-- DATA BELOW --
-- Opening Marker --

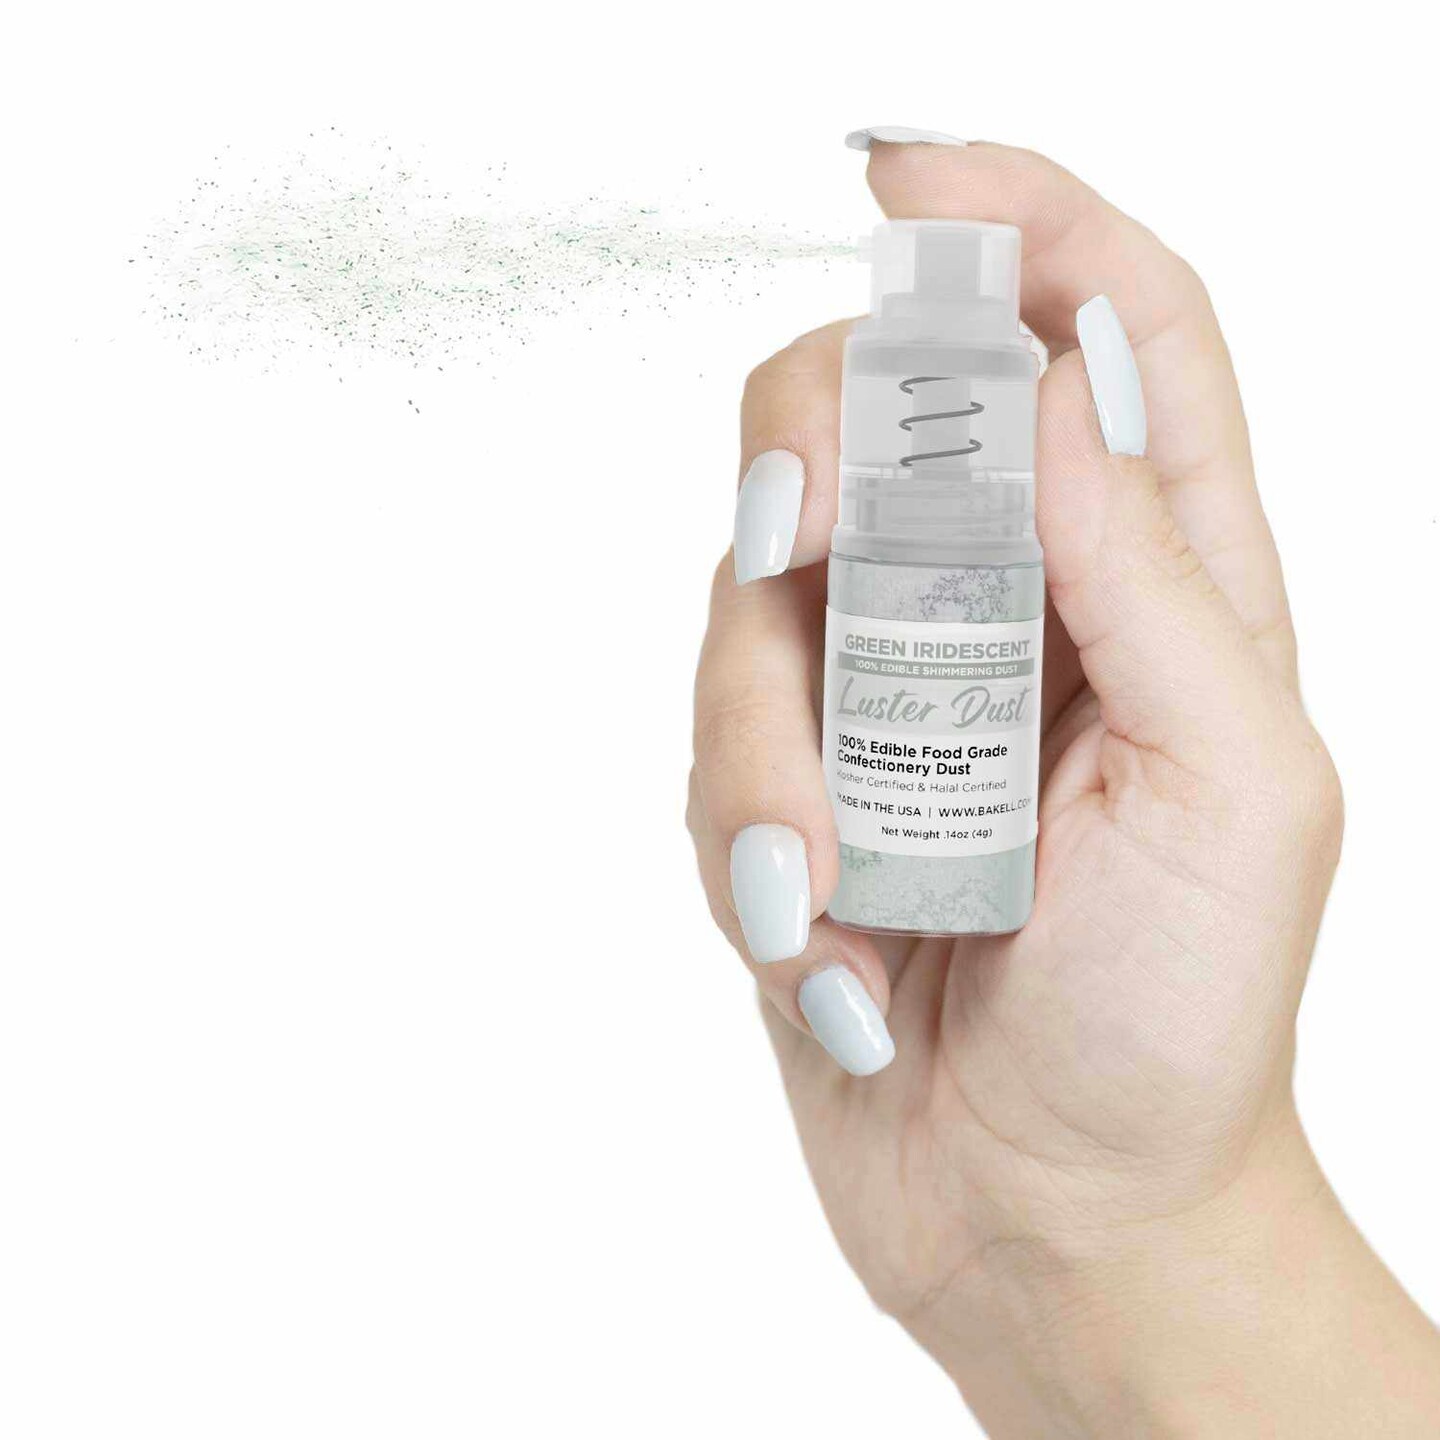 Green Iridescent Luster Dust Spray | Luster Dust Edible Glitter Spray Dust for Cakes, Cookies, Desserts, Paint. FDA Compliant (4 Gram Pump)
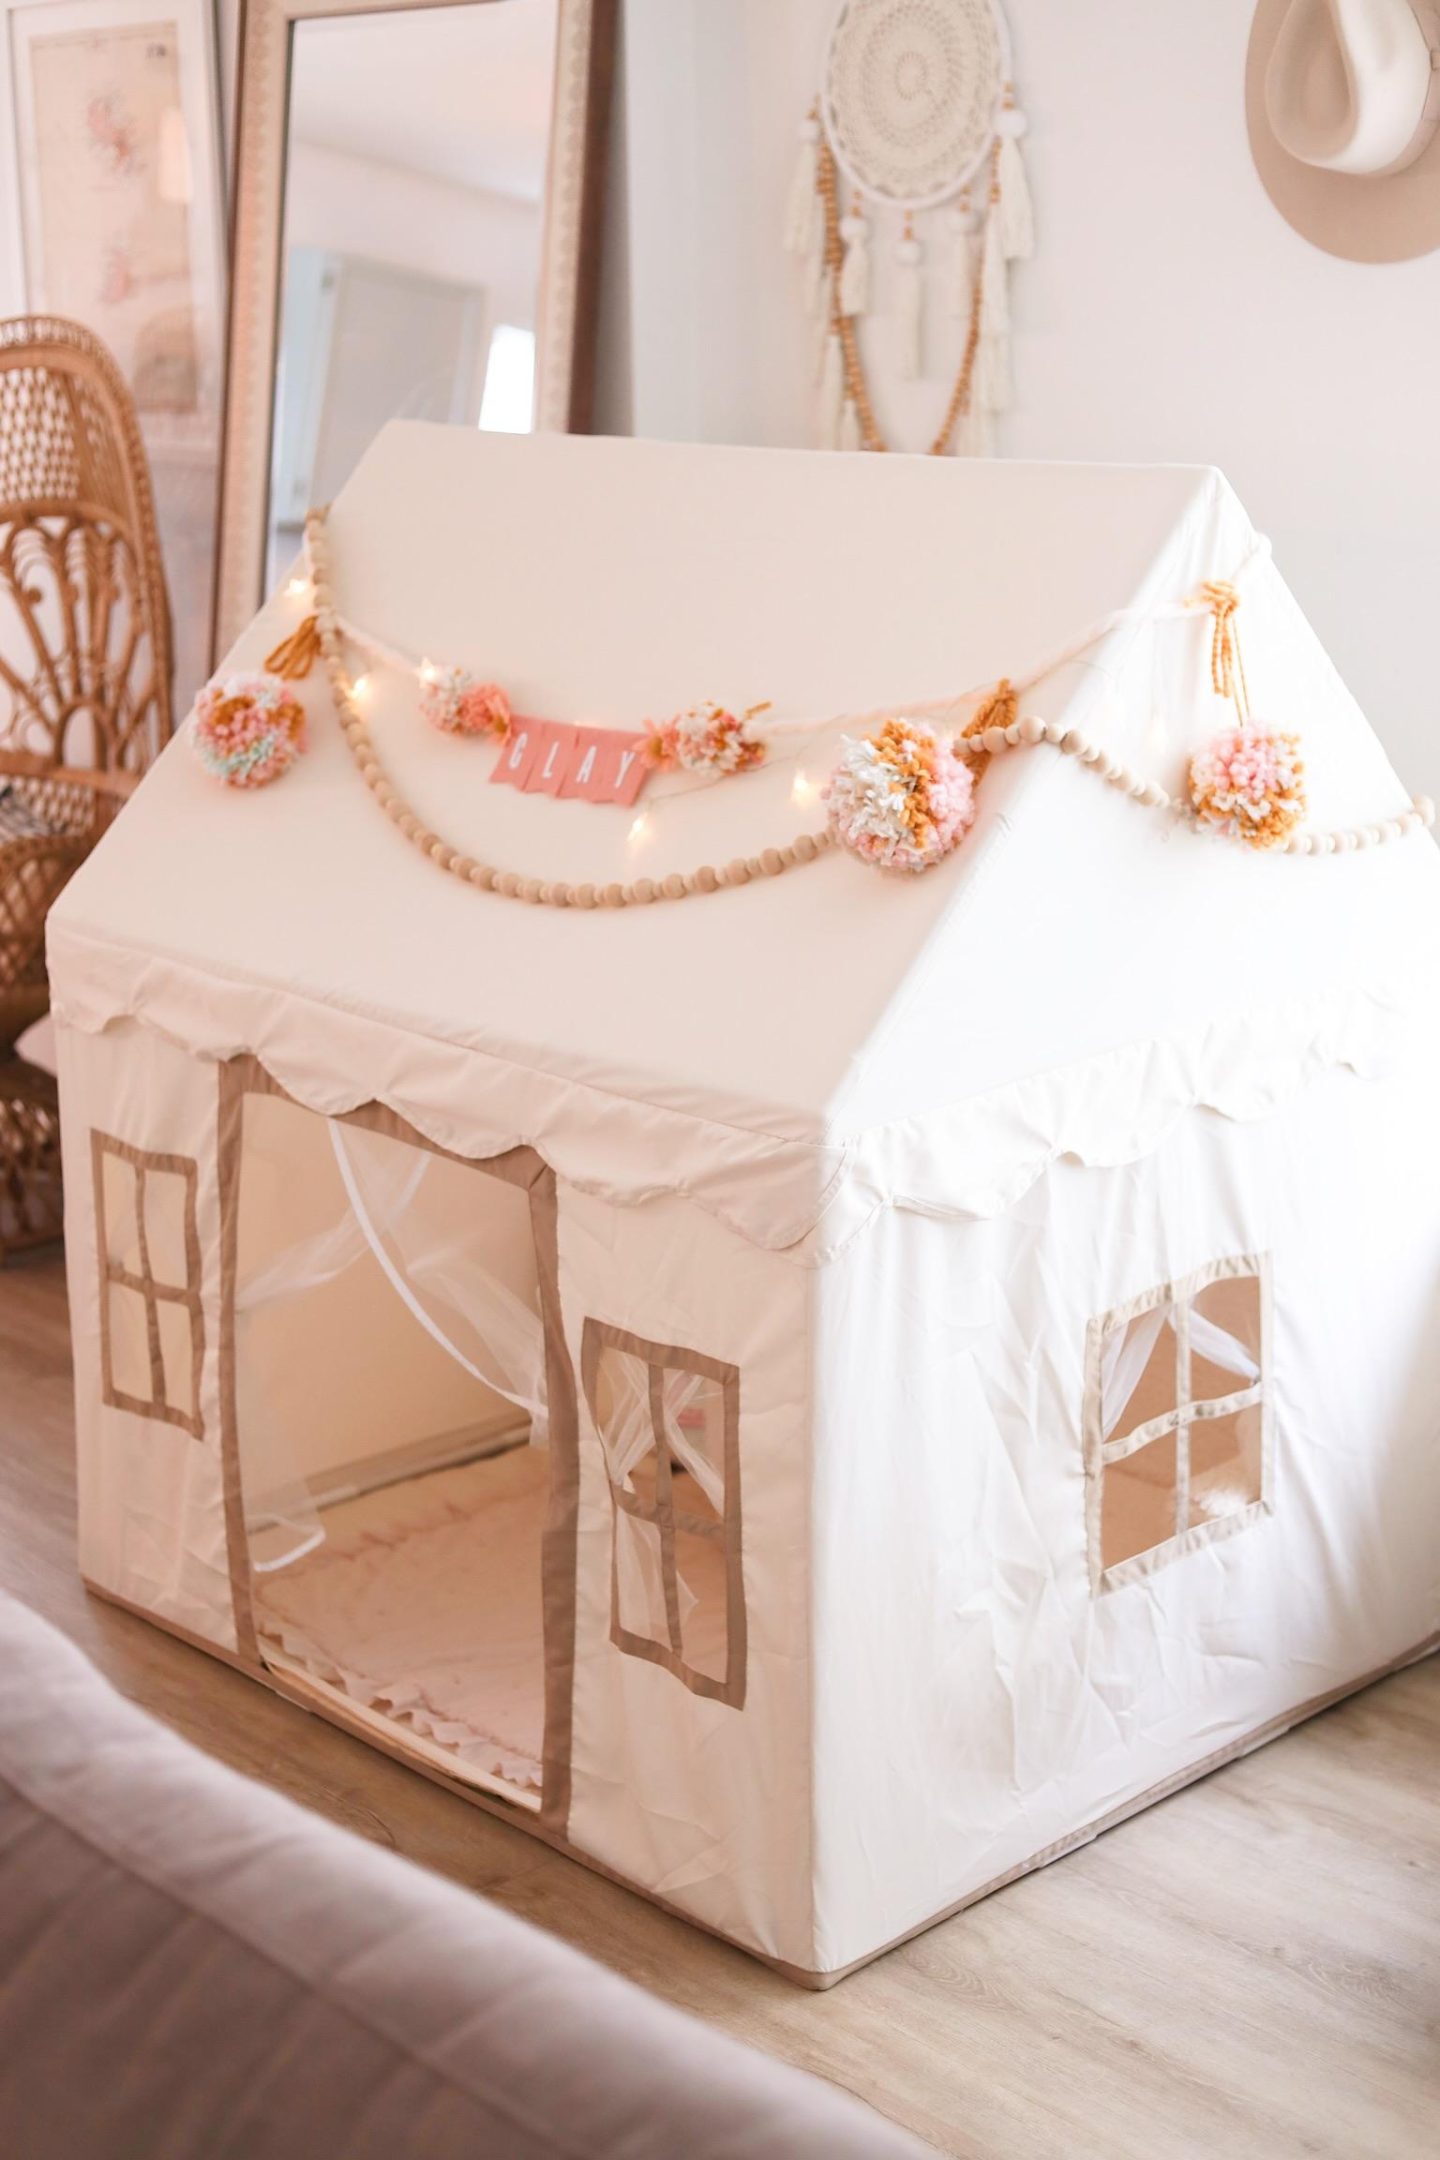 Clay's Playhouse (Amazon Little Dove Play Tent Review)
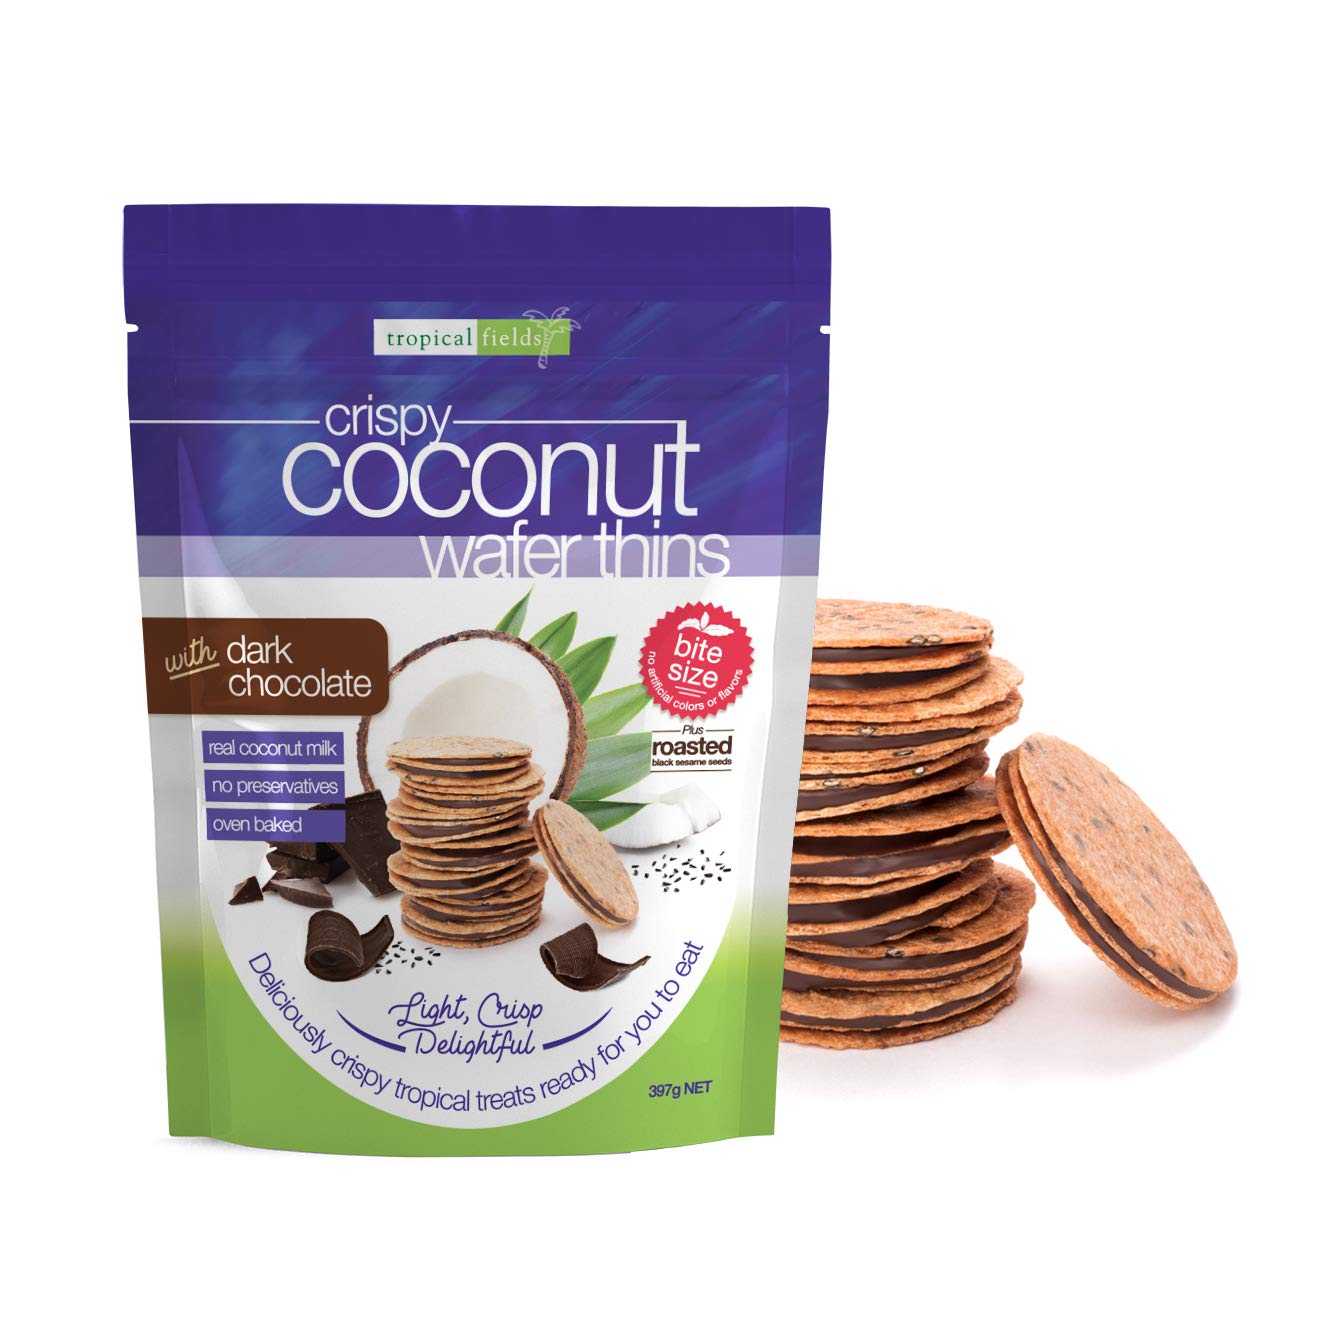 Coconut Wafer Thins with Dark Chocolate, Tropical Fields (397g)

-- Closing Marker --

-- TASK BRIEF --
Transcribe exactly the lines from the one holding "Clay's Playhouse (Amazon" through the final line of the material above, both ends included; any pictures should be dropped.

-- RESPONSE --
 Clay's Playhouse (Amazon Little Dove Play Tent Review)
 Coconut Wafer Thins with Dark Chocolate, Tropical Fields (397g)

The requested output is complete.